The decision made in September 2010 to develop such a model led to a series of public workshops during which a number of GTMs were presented and discussed. The principal models discussed were those presented by the Robert Schuman Centre for Advanced Studies (both the EURAM or European-American Model and the MECO-S model from the Florence School of Regulation), the Clingendael International Energy Programme (the ASCOS model), the Office of Gas and Electricity Markets of the United Kingdom (prepared by consultancy LECG) and GDF Suez (prepared, in part, by Frontier Economics).

These five models take distinctive and, at times, quite diverging approaches to wholesale market design. For example, whereas the MECO-S model stresses downstream, retailer-level competition, the ASCOS model (ASCOS stands for Ample, Secure and Competitive Supply) from the Clingendael International Energy Programme (CIEP) focuses on the overall value chain as well as the growing needs for imports. As another example, the EURAM model promotes private intervention into the market for capacity while the MECO-S model envisions a more regulated approach to investments in infrastructure.
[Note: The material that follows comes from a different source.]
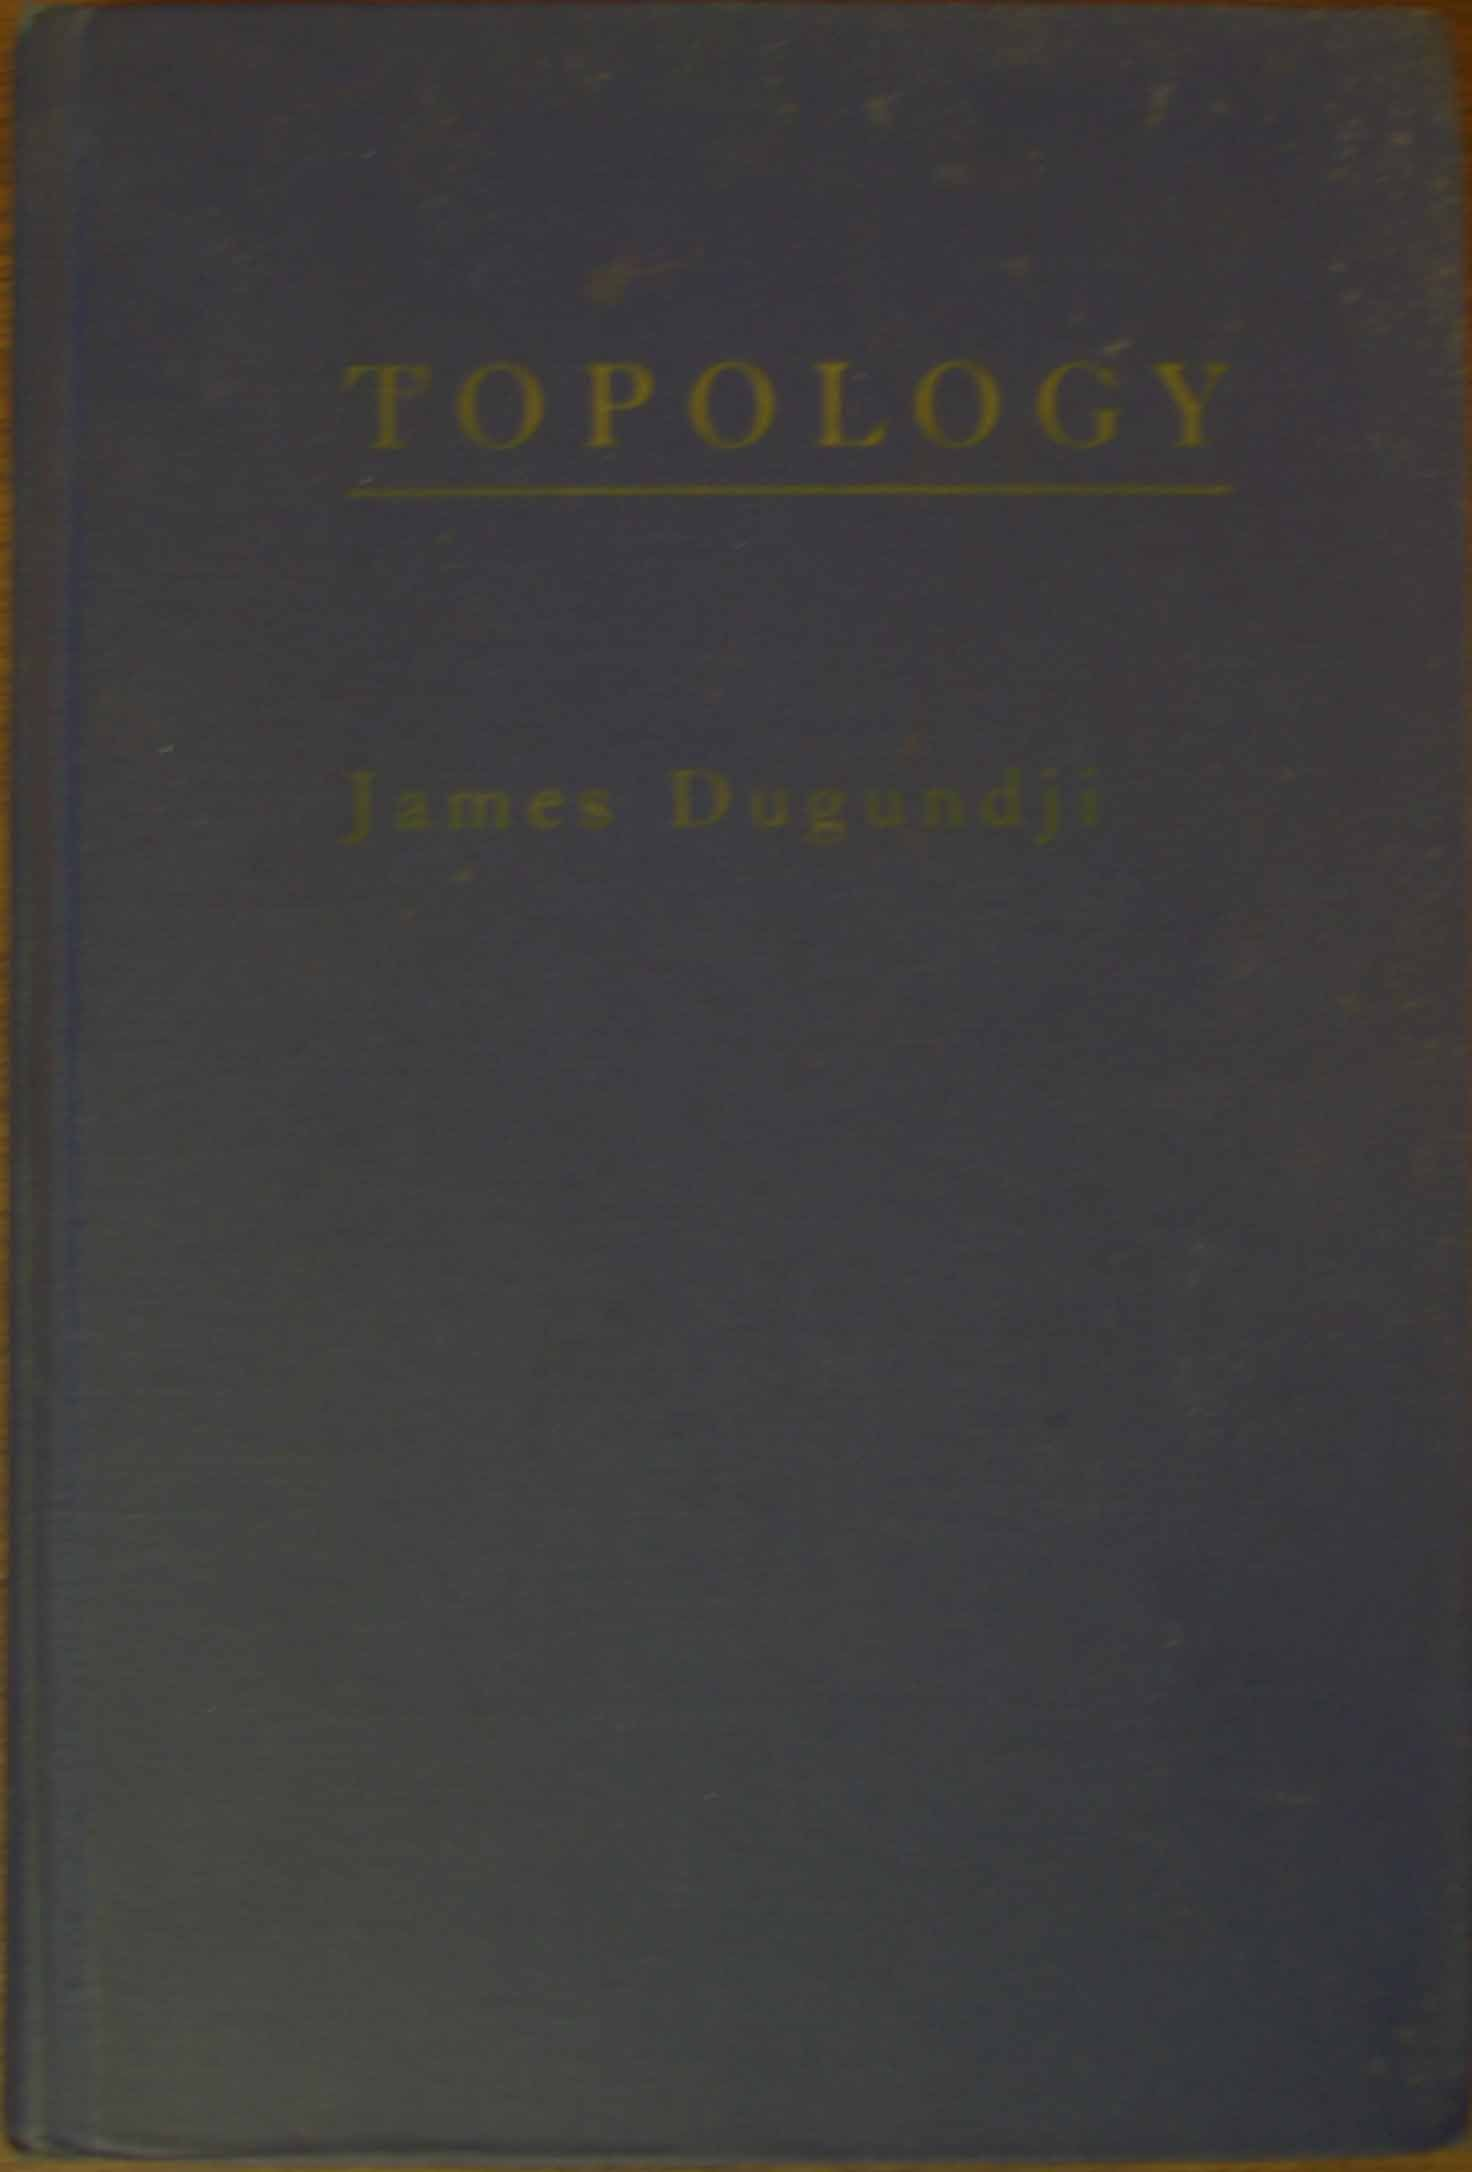 james dugundji topology

The results, as can be expected, are widely differing target models based on unique assumptions about what constitutes a functioning wholesale market, and what are the aims of a single European gas market.

Based on these inputs, the Council of European Energy Regulators (CEER), the Brussels-based body in which national energy regulators cooperate, presented stakeholders with a Gas Target Model that was eventually endorsed by all stakeholders at the 21st Madrid Forum held in March 2012. The CEER GTM follows largely from the MECO-S model, in that it seeks to enable the creation of a number of “functioning wholesale markets” organized largely around national boundaries and then merge them into single-price cross-border entry-exit zones with unified balancing regimes.
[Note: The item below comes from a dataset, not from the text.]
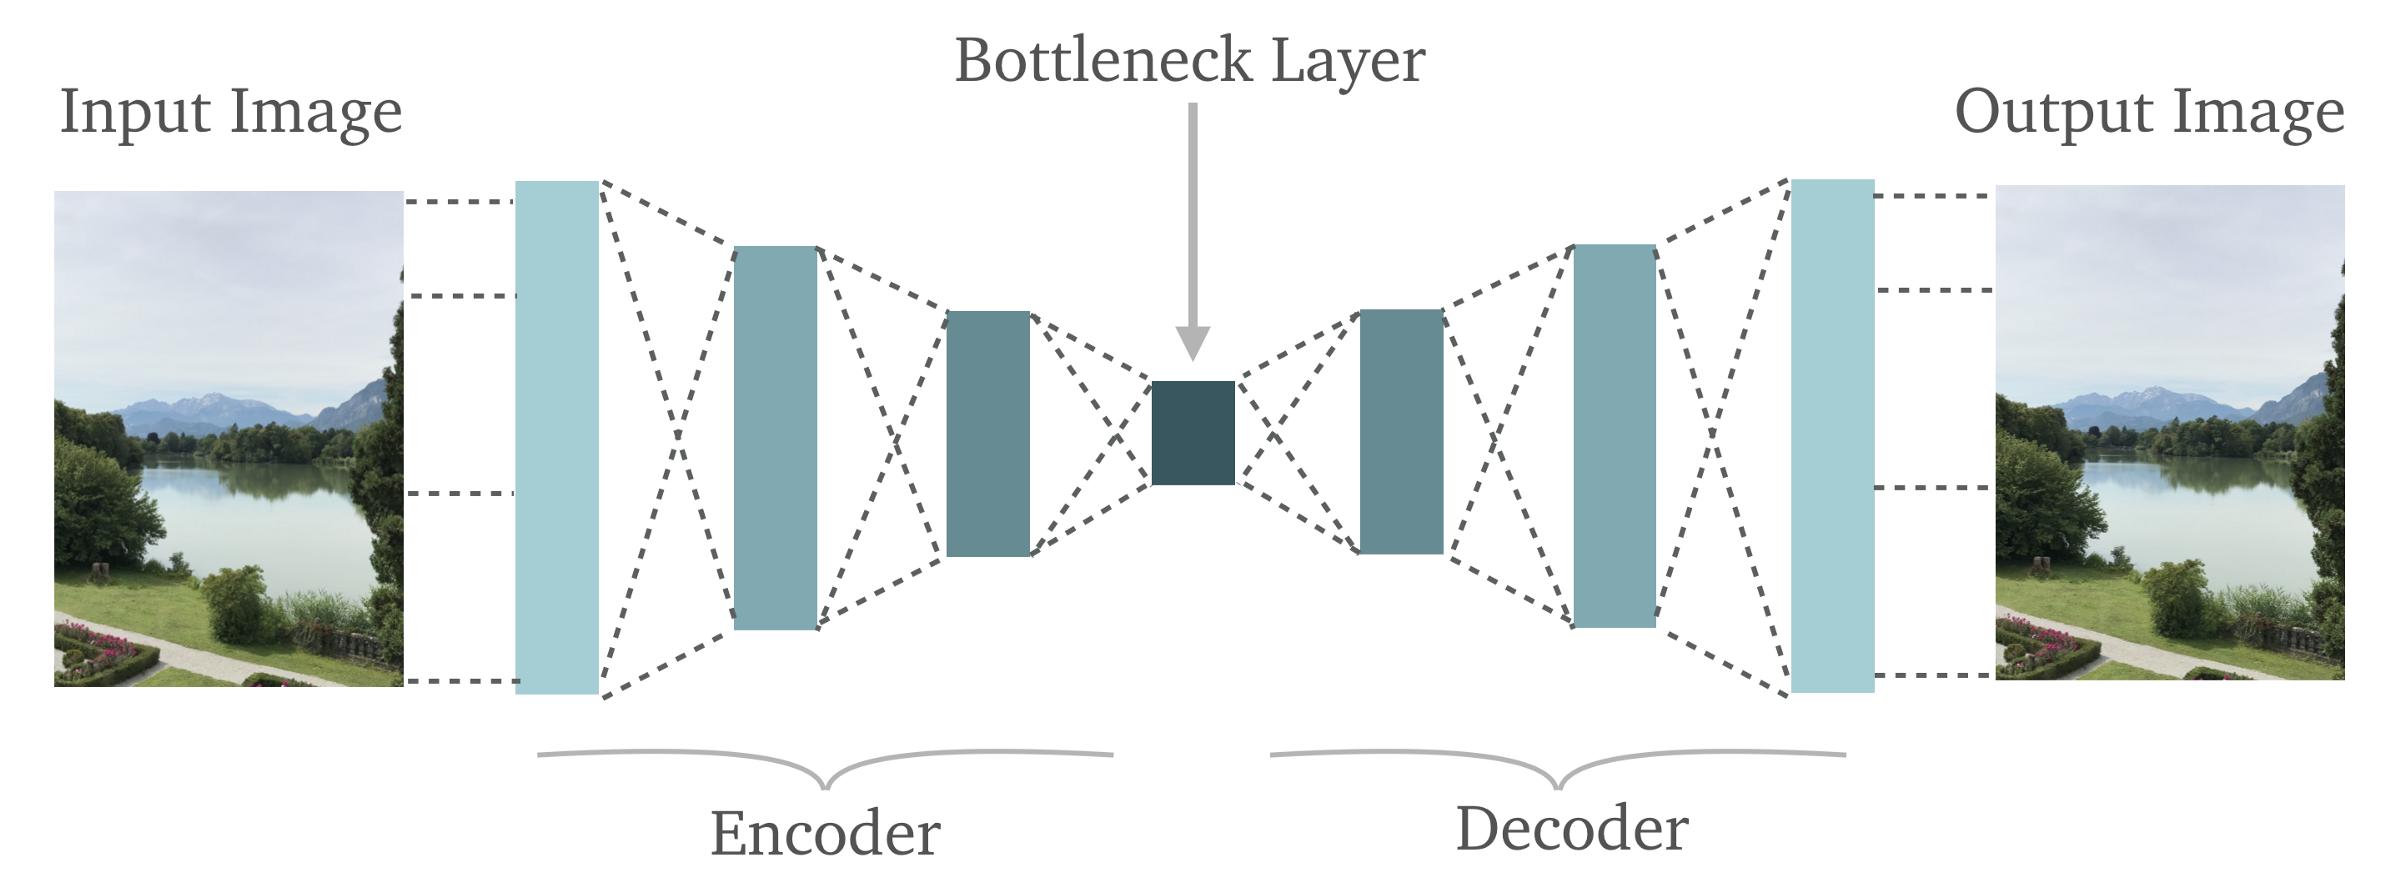 A Deep Convolutional Denoising Autoencoder for Image Classification

The CEER GTM also closely follows the MECO-S model in that it defines ‘functioning’ on the basis of five benchmarked economic indicators: the Herfindahl-Hirschman Index (HHI), a Residual Supply Index (RSI), the churn rate, size of aggregate market demand and the number of sources of gas servicing that market. (We will return to these indicators shortly.)

General approach

By selecting a discrete number of indicators, and providing performance benchmarks, the CEER set its GTM apart from other gas target models in a very profound way. Both the CIEP and Frontier models, for example, provide more qualitative definitions of market functioning, based on the general ability of

The CEER approach seems to envision a European wholesale market where all trading is, ultimately, essentially spot in nature
varying sources of gas to compete, and on the ability of market participants to satisfy their short- and long-term gas and risk-management needs. Thus, the CIEP model defines a well-functioning market as having, first and foremost, ample, secure and competitive supply of gas, abundant infrastructure (from market-led investments), and a multitude of varying commodity transactions agreed by market participants. The Frontier model offers a very general approach, whereby effective functioning is achieved when different sources of gas can compete with one another.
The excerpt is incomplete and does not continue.